● **Task description**: Only the lines from the one holding "Peerless truck tire chains" through the end of the material are to be repeated, exactly and without pictures.

● **Given material**:
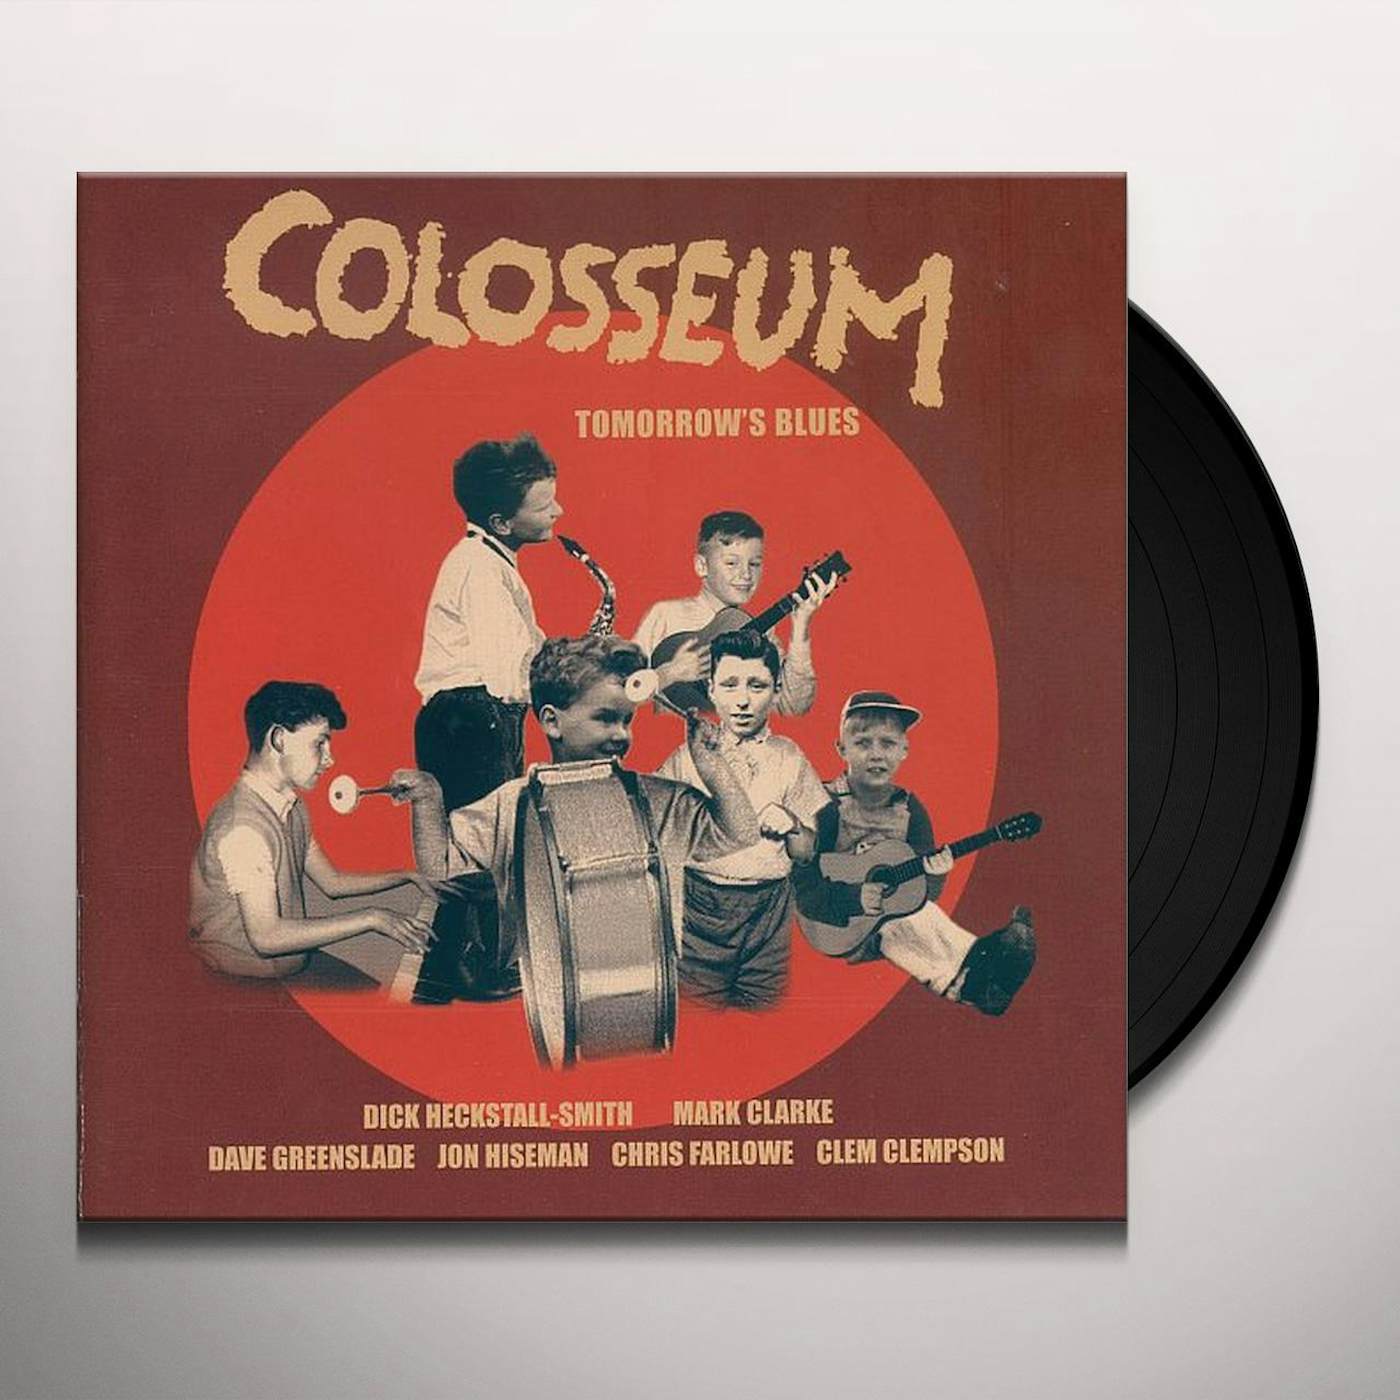 Colosseum Tomorrow's Blues Vinyl Record
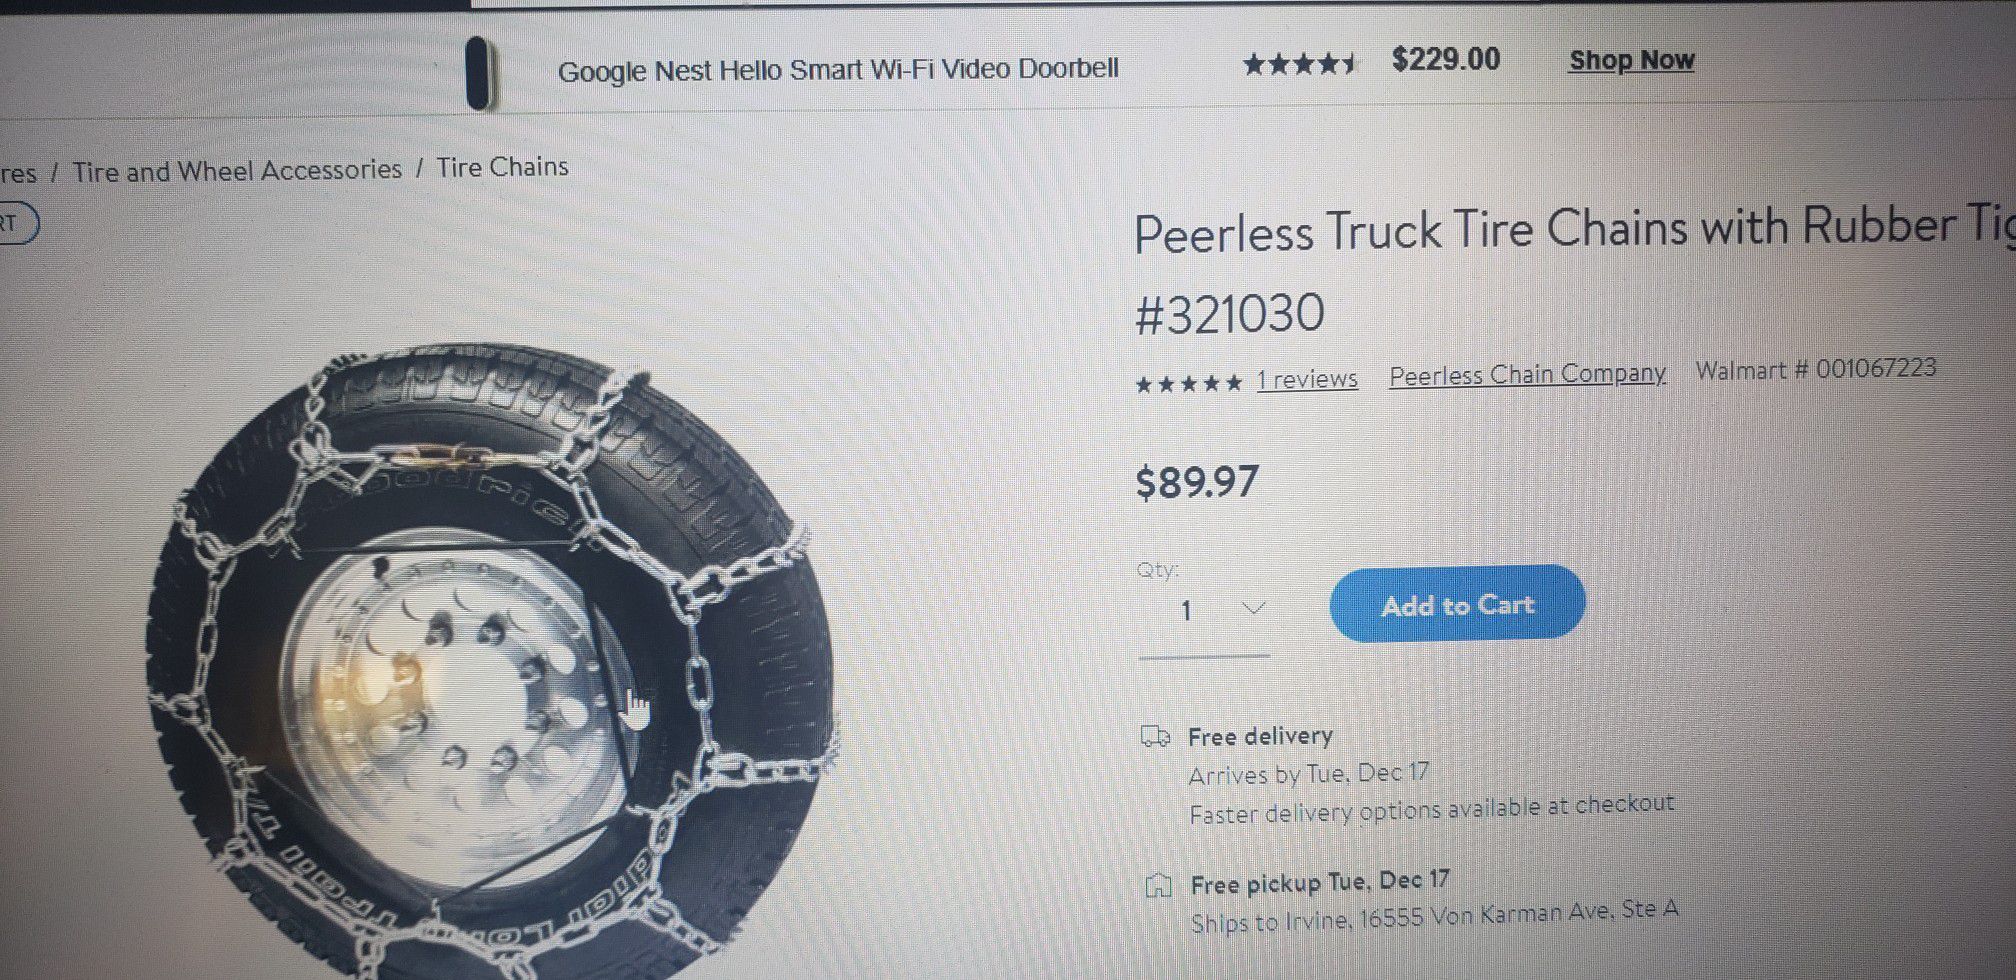 Peerless truck tire chains
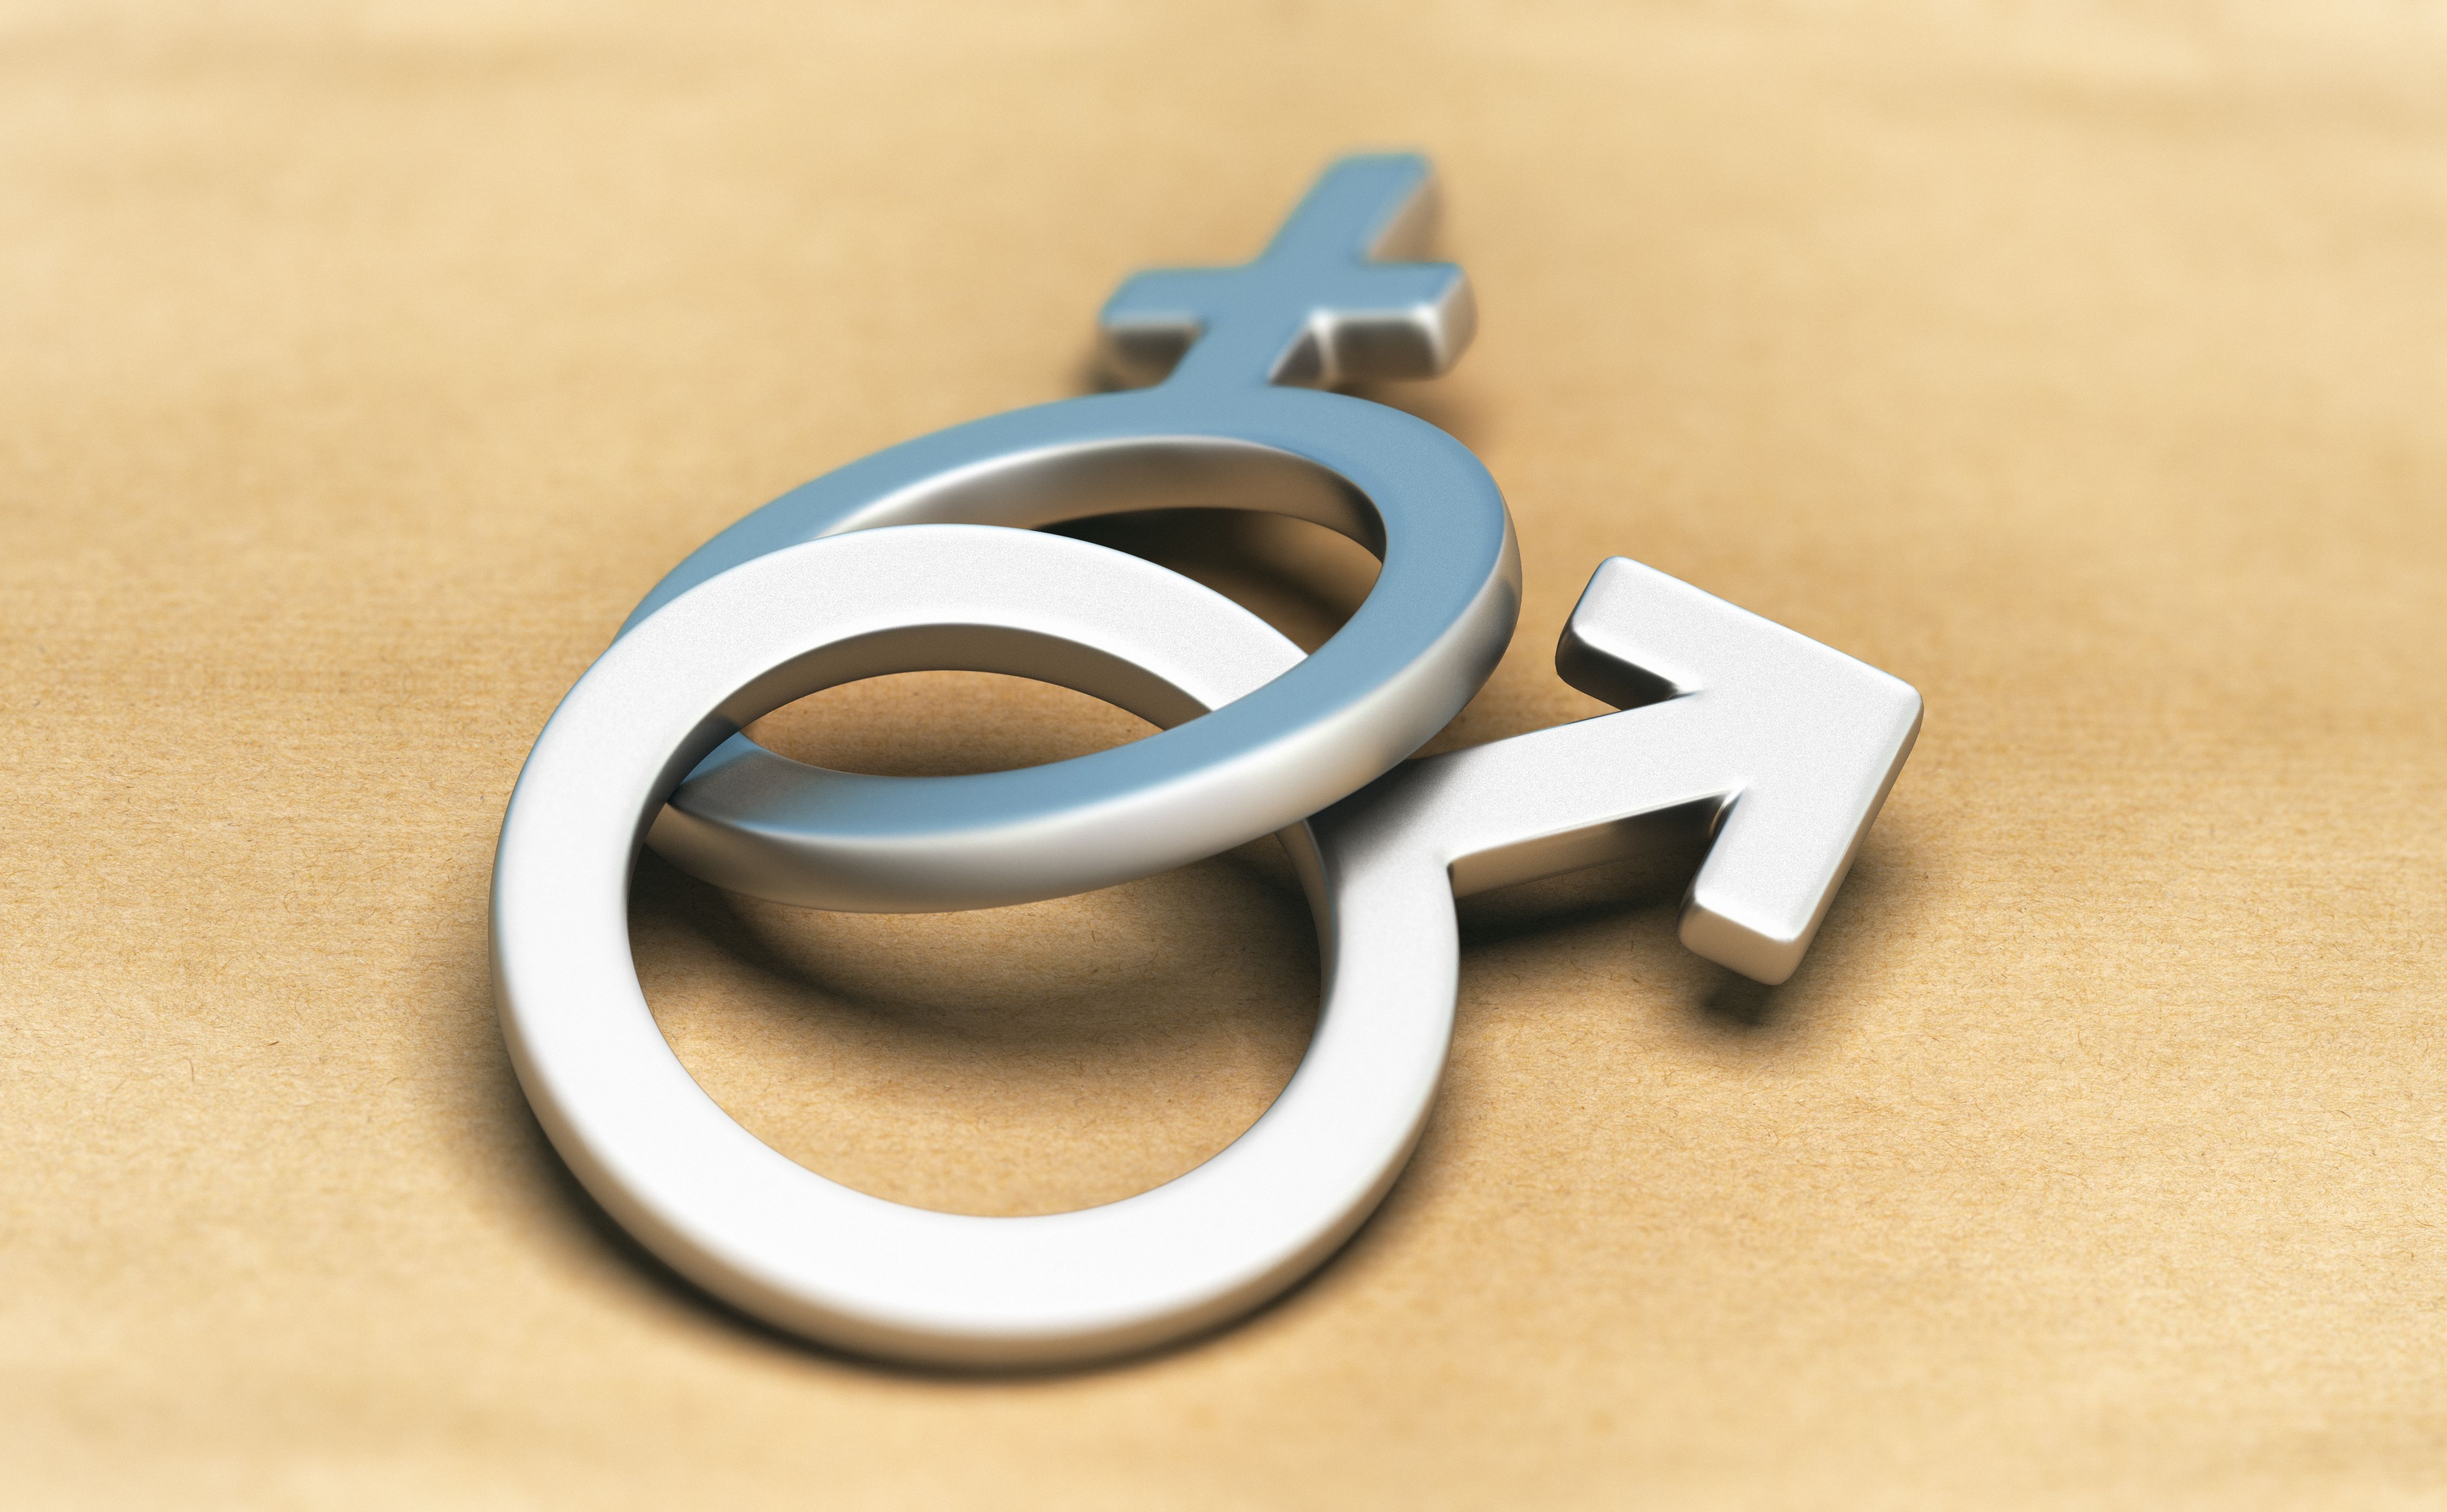 gender-symbols-male-and-female-together-2021-08-30-02-12-48-utc.jpg

● **Task solution**:
 Peerless truck tire chains
 gender-symbols-male-and-female-together-2021-08-30-02-12-48-utc.jpg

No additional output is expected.